Lately, I come across a lot of people reading on their various electronic devices but there is no mention of ebook sales in these figures.
I wonder how much of an impact they would have in the reported declining sales.
From a BBC report yesterday
http://www.bbc.co.uk/news/business-12978313
"Of all the money currently being spent on supermarket groceries, some 40% is now being spent on items that are either discounted or on special offer.
That is a record, according to Nielsen, the consumer analysts."
Why on earth should the booktrade expect hard-print book sales not to be affected by the current economic climate.
In the last fortnight, here in the south west, a 14 shop jewellery and giftware chain employing 55 people (turnover £3.9million in 2009) went into administration and shop closure - this didn't even rate a mention in the local, yet alone the national press.
These are tough times in all retail, especially on the high street.
Don't blame slump on decline in Stieg Larson and Stephenie Meyer sales......blame it on 1,000,000 books being dumped on the market for the WBN initiative. This plus the T.V programmes was supposed to focus attention on books and increase sales. How ironic that the opposite happened! Let's hope we don't have it again next year.
spot on dude!!!
Another factor for the decline in book sales apart from the economy is that there are no inspiring books or pretty much anything that jumps out at anybody.
Lazy and "cautious" publishers have consistantly put all their eggs in one basket chasing the latest Stephanie Myer/Dan Brown/Stieg fad. If it's not Stieg or Stephanie or like Stieg or Stephanie or a repackaged Stieg or Stephanie with coloured pages, it doesn't make it onto the shelves. You can only ride that fad for so long and when people have Stieg or Stephanie fatigue all they are left with are shelved full of Stephanie or Stieg like choices...which customers no longer want.
The trade needed World Book Night but it needed it to WORK.
WBN never worked out whether it was a media event or a trade event. As a media event it worked, as at trade event it didn't.
It still has potential. But please, if it happens again can we have a little more 'proof of concept' and a little less instinct. Giveaways of accessible books to non-book-buyers has some merit. The 25 titles were great titles. The sort to be loved and appreciated by heavy-book-buyers. But that was the fundamental flaw. There was little scope to increase the market but every likelihood that the core market who but 10+ books a year, will this year buy one less.
On the Sunday following World Book Night, many customers asked if we had the books that were featured on the 'debut fiction' show, so we found that it did drive people in to make book purchases. Even now, people still ask if we have the books that were featured and are still buying them, so I think WBN did get people buying and trying new books.
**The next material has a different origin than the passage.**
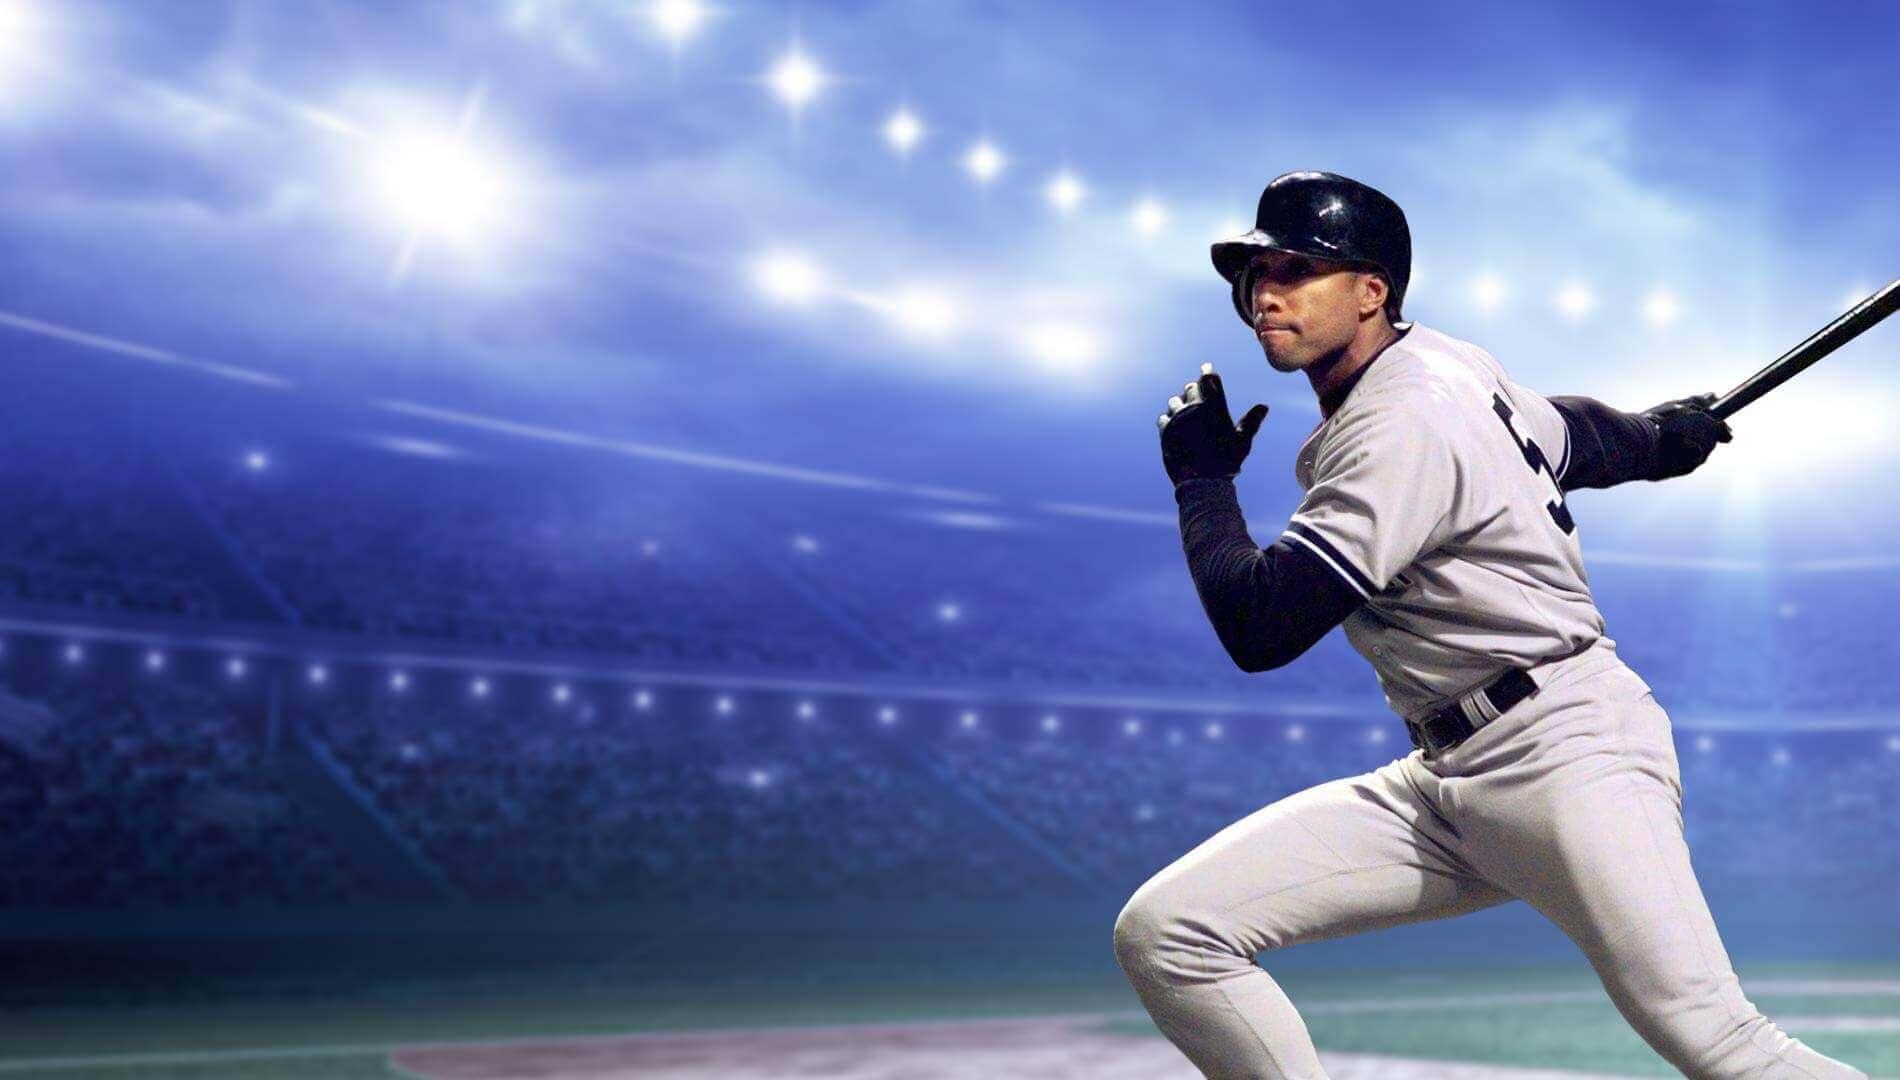 Bernie Williams Swinging a Bat in a Yankees Uniform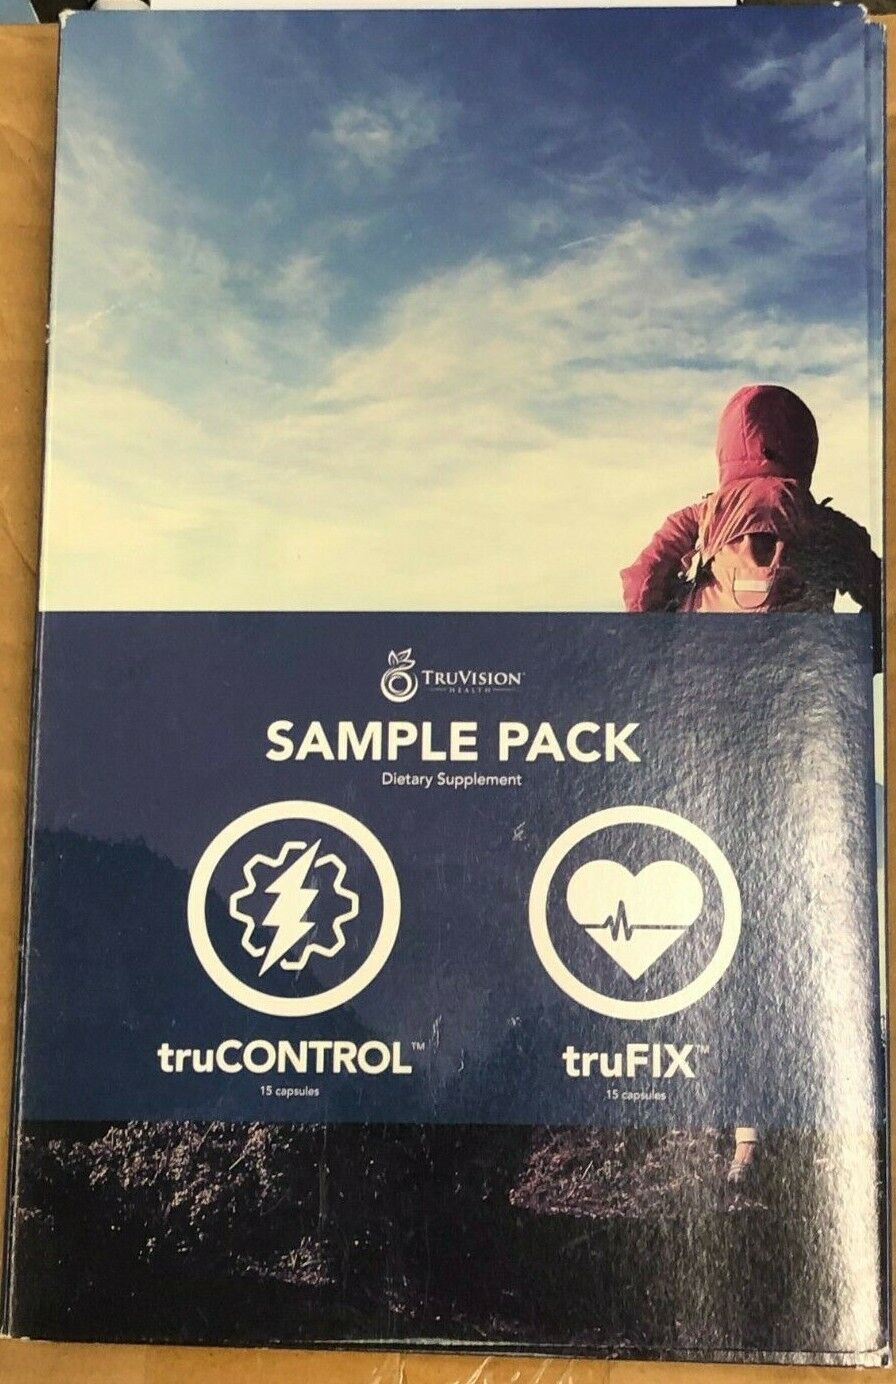 """TruVision Health Weightloss"" 1 WEEK Sample Pack truFIX-truCONTROL"

Strange. My shops sales were up...
I agree with a number of the comments,our sales are up and yes we did get customers buying other titles. But i hope WBN does not turn into an industry pat on the back for organisers and free books for consumers, remember its the bookshops who work hard to sell all year round and more support needs to be directed towards the independents.I was informed that one local church had 500 books?? and one giver was moving business premises and used it to curry favour at his new location? ( was this the objective) so yes it must have taken away purchases from local shops. Why can't book shops give away the free books at least that way we get the opportunity to sell up.
Frustrating for all when Indies and new authors barely get a mention. There are so many good pieces of work that are under the radar - not even a decent positive blip in their sales figures.